> _Exercise instructions_:
In the records below, find the line that contains "Vital Essentials (VE)". Retype that line and all the lines after it through the end, leaving out the pictures.

*** Records ***

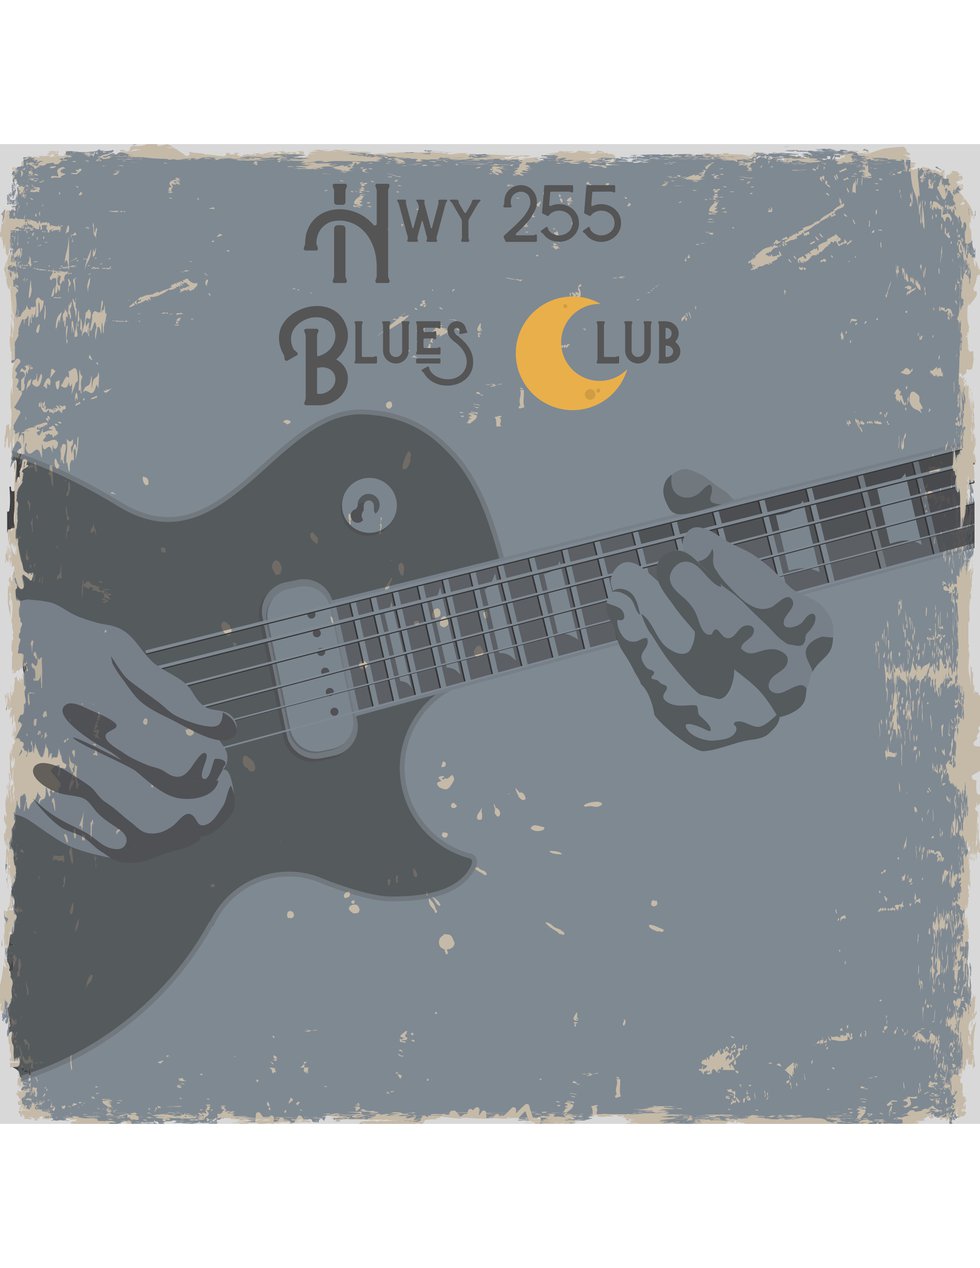 Hwy 255 Blues Club (JPEG).jpg
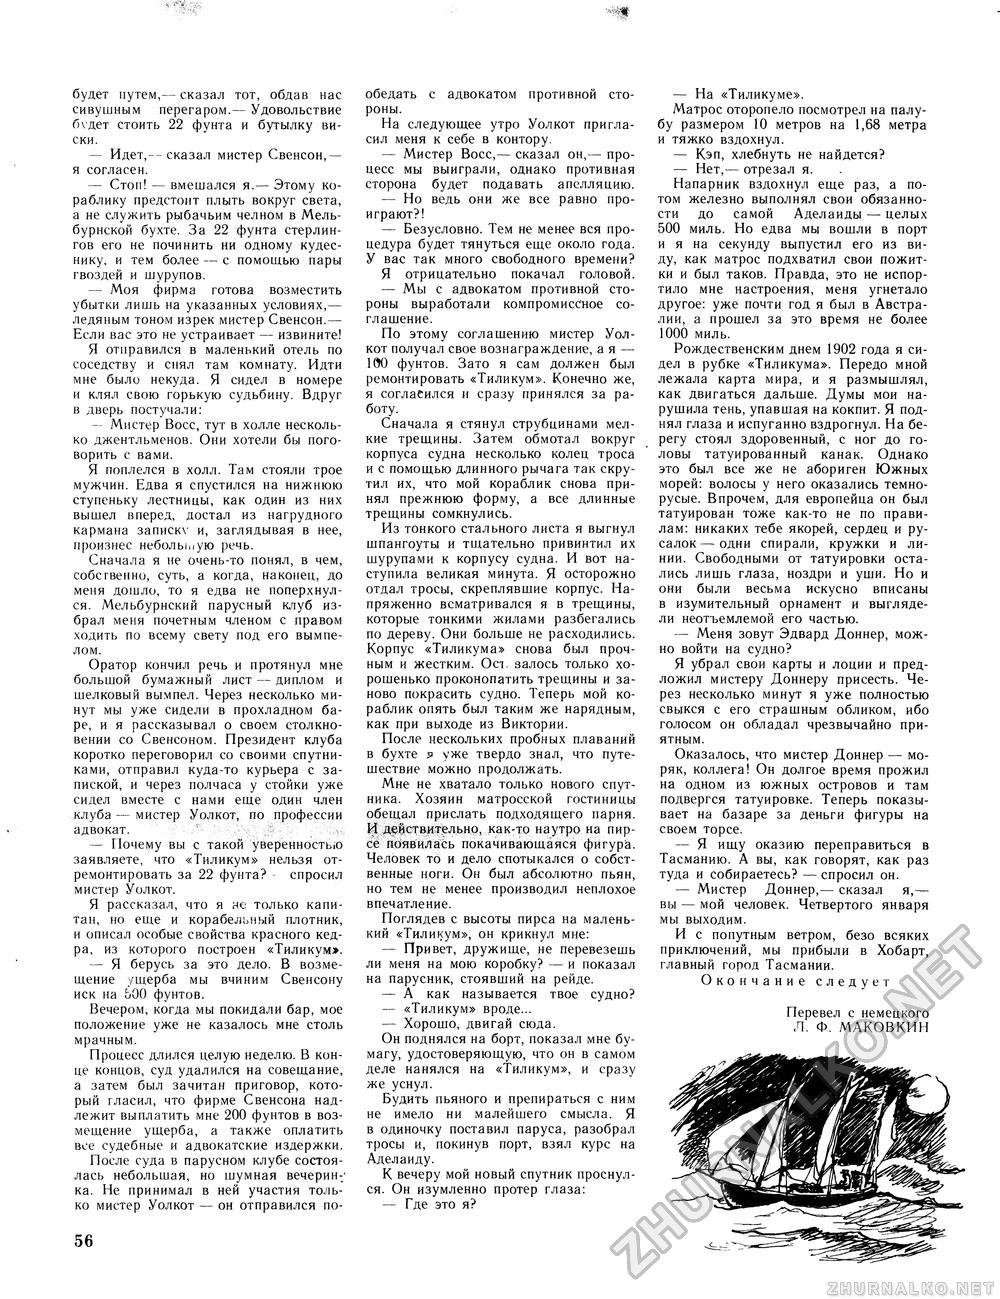 Вокруг света 1982-09, страница 58
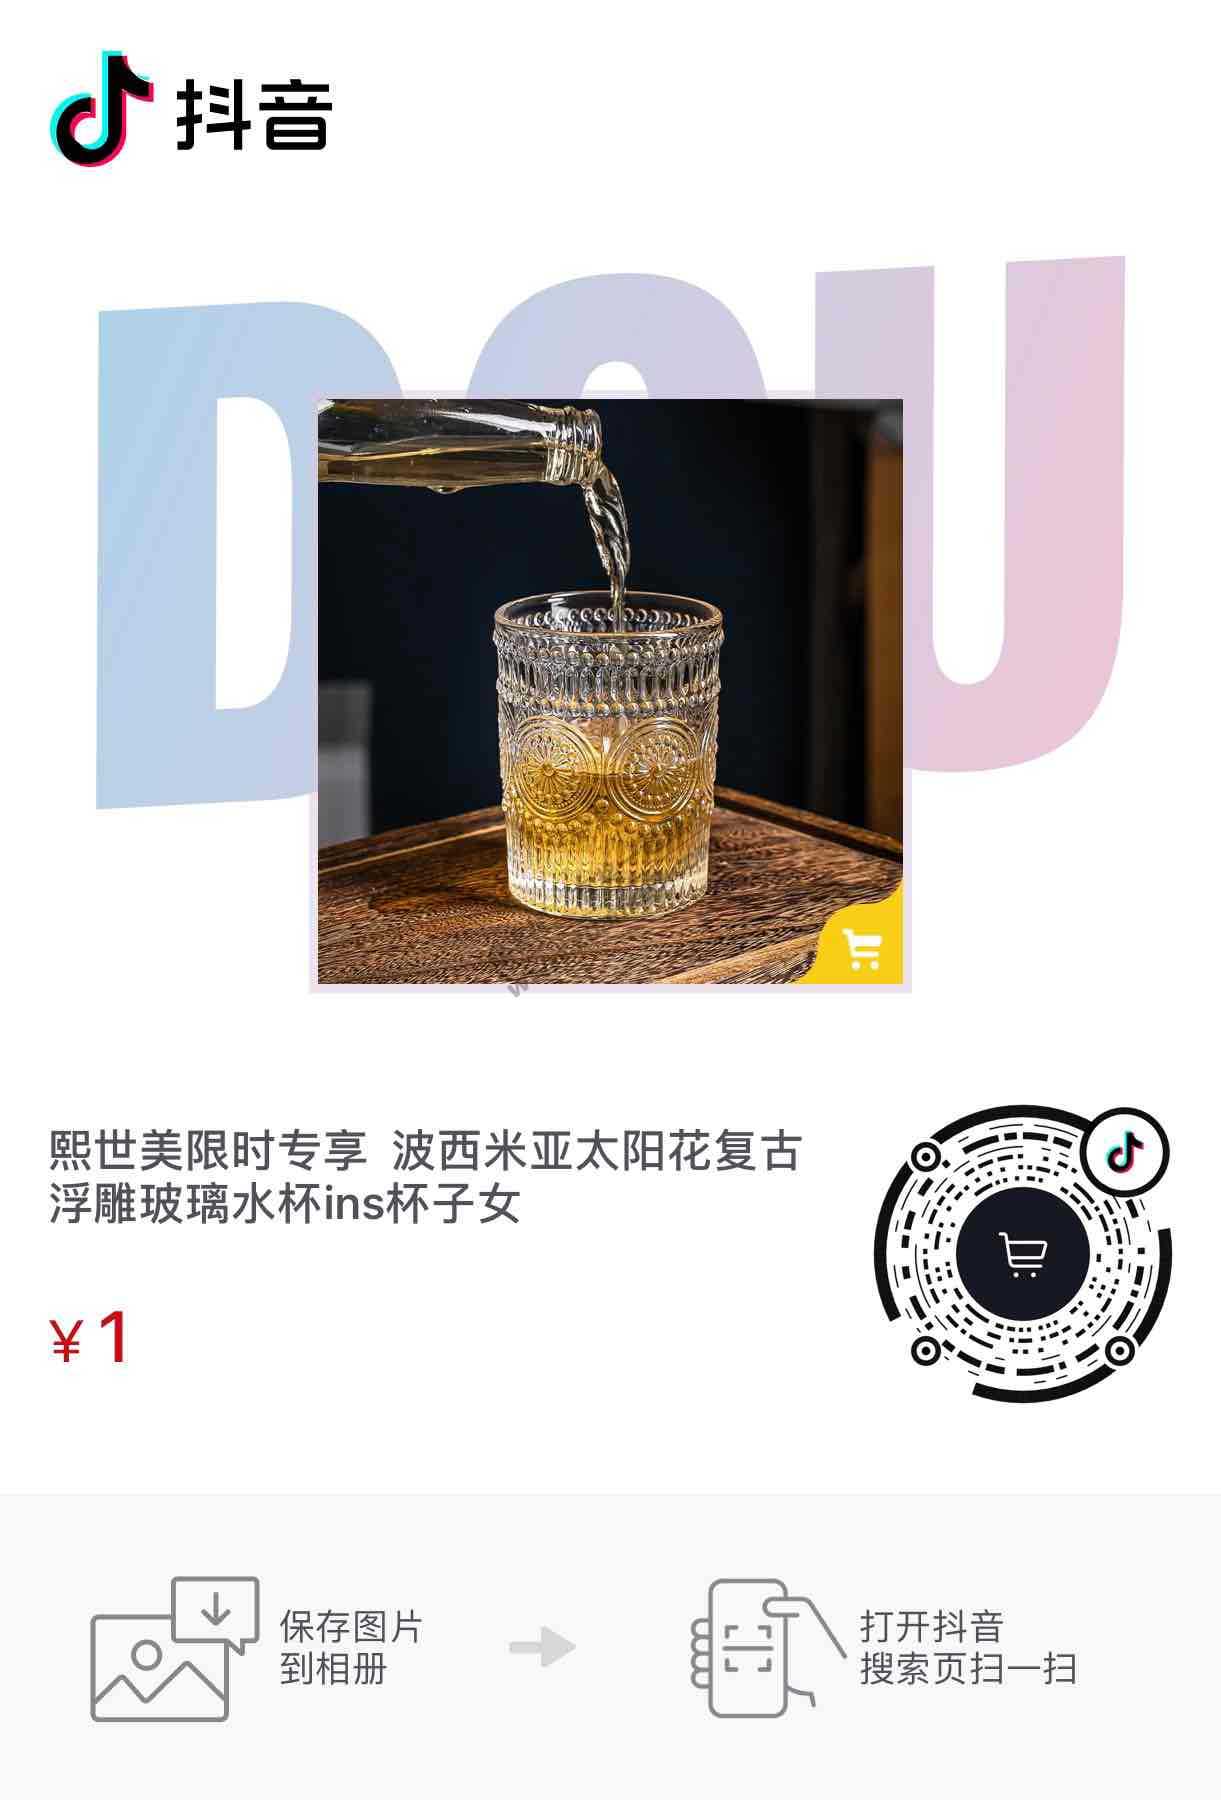 1元2个太阳杯补货-惠小助(52huixz.com)
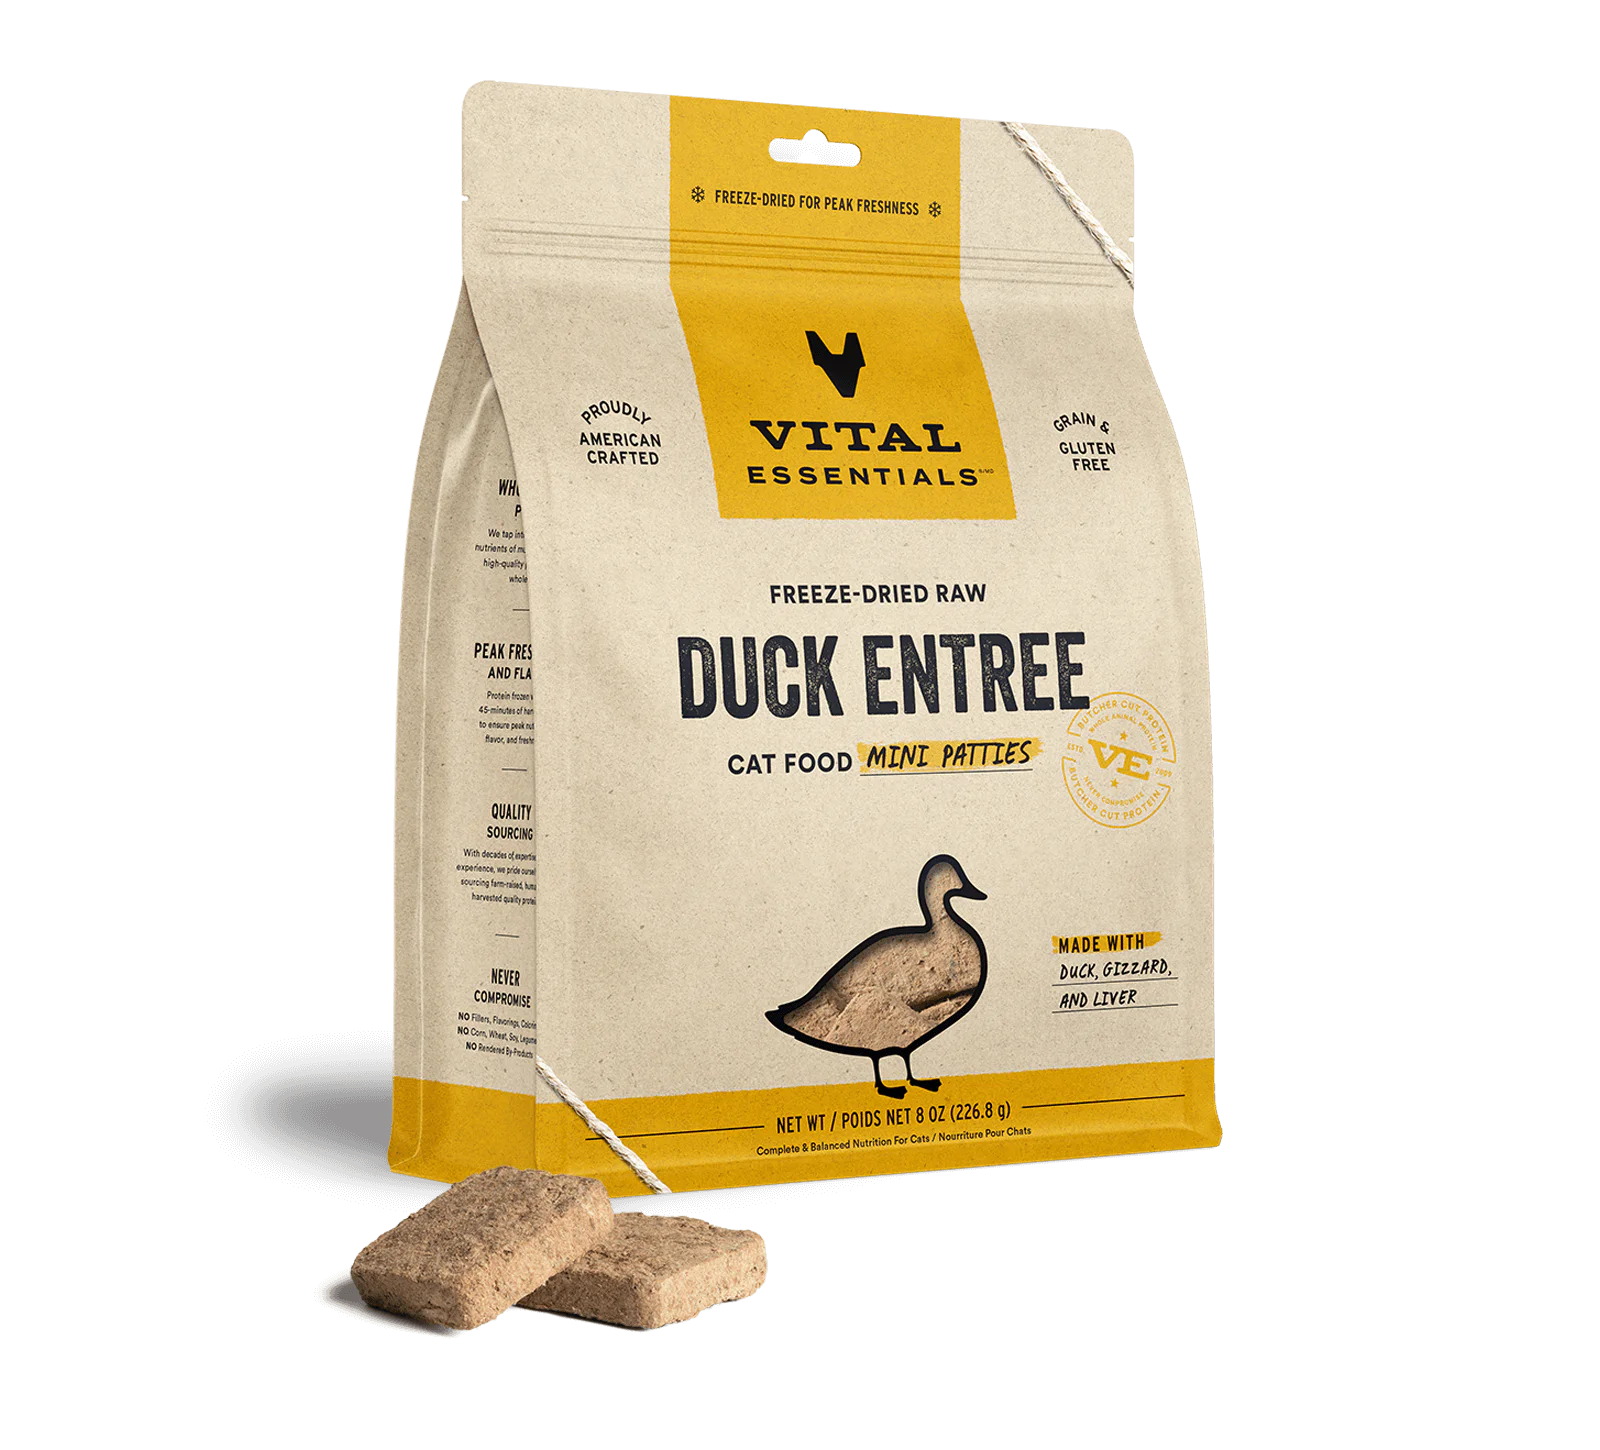 Vital Essentials (VE) - Mini Patties - Duck Recipe (Cat Food)
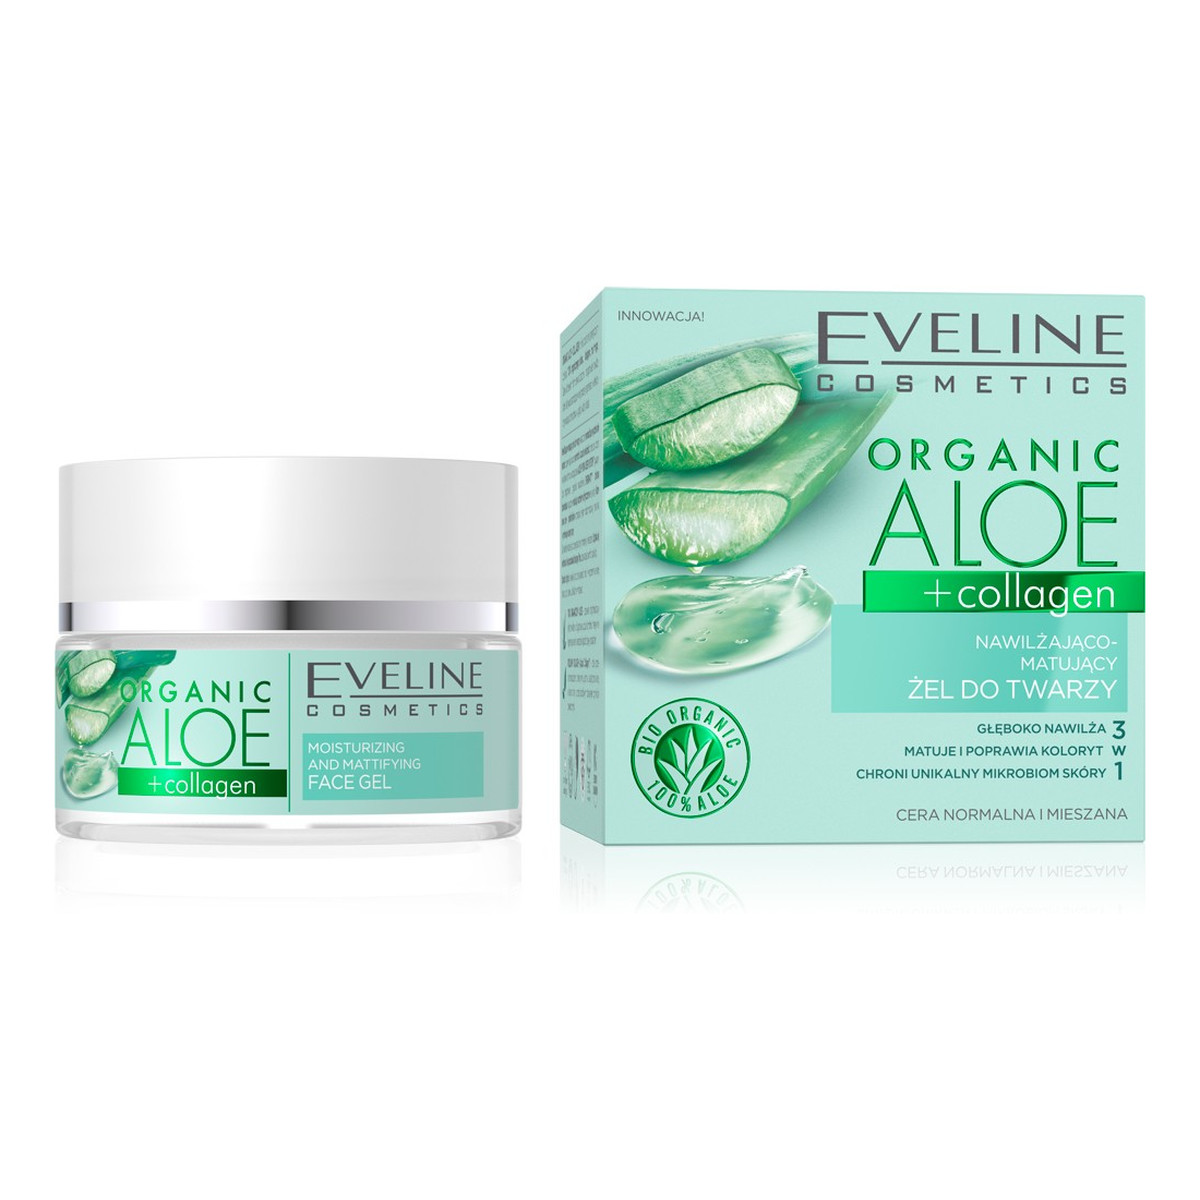 Eveline Organic Aloe + Collagen Nawilżająco - Matujący Żel do twarzy 3w1 - cera normalna i mieszana 50ml

***

> _Response to this exercise_:
 Vital Essentials (VE) - Mini Patties - Duck Recipe (Cat Food)
 Eveline Organic Aloe + Collagen Nawilżająco - Matujący Żel do twarzy 3w1 - cera normalna i mieszana 50ml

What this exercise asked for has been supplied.